We thank all reviewers for their constructive and positive feedback on our paper, highlighting its novelty and importance.

One concern was that our analysis might not generalize beyond our architecture choice of a rotation-equivariant neural predictive model. We now have performed additional experiments showing our results generalize to a more generic architecture as well (Fig 2 and 5 in attached pdf).

Another question was whether our analyses are biologically plausible. We now have thoroughly discussed in our answers to the reviewers that we verify biological validity through a number of experiments (Fig 5 and Table 1 in the original manuscript) and will revise our final paper to describe this more clearly.

We want to thank all reviewers once again for these and their other great comments - comments we were keen to incorporate as they further improve our paper.

最终决定Accept (spotlight)

2024-09-25

Reviewers were impressed by the paper's contributions in the problem of DNN modeling of biological neurons: the novel methods of iterative feature pruning and adaptive regularization, and well-designed and clearly motivated experiments, as well as the focus on addressing the reproducibility of learned embeddings. Other strengths of the paper included testing of the biological plausibility of the tuning curves which enhanced the evaluation of the method in addition to more standard ML metrics.
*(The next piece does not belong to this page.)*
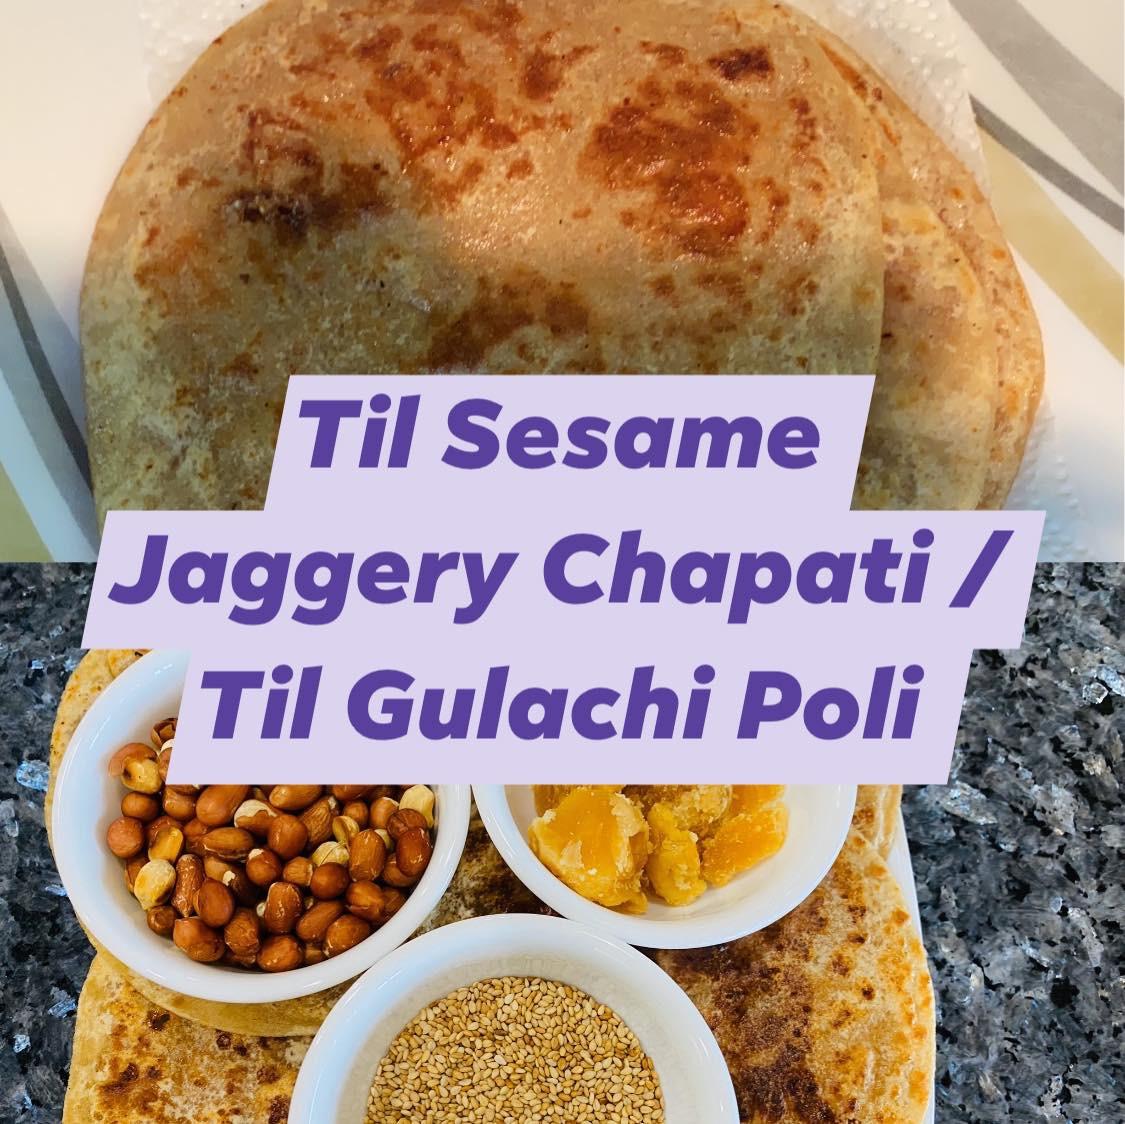 Til Gulachi Poli/Peanut Sesame jaggery paratha

The results on the non-rotationally invariant CNN added during the rebuttal further contribute to the potential generalizability of the results of the paper, which were originally shown only for rotationally invariant networks (due to biological considerations).

Some reviewer comments indicate that the paper could potentially benefit by adding more explanations and clarifying the motivation and technical details, which the authors have agreed to attempt in their revision.

This work has demonstrated a high level of technical sophistication and quality, and is likely to have high impact on of neuronal data modeling. Given the size of the audience that would find this work to be of interest, I am recommending it for a spotlight presentation.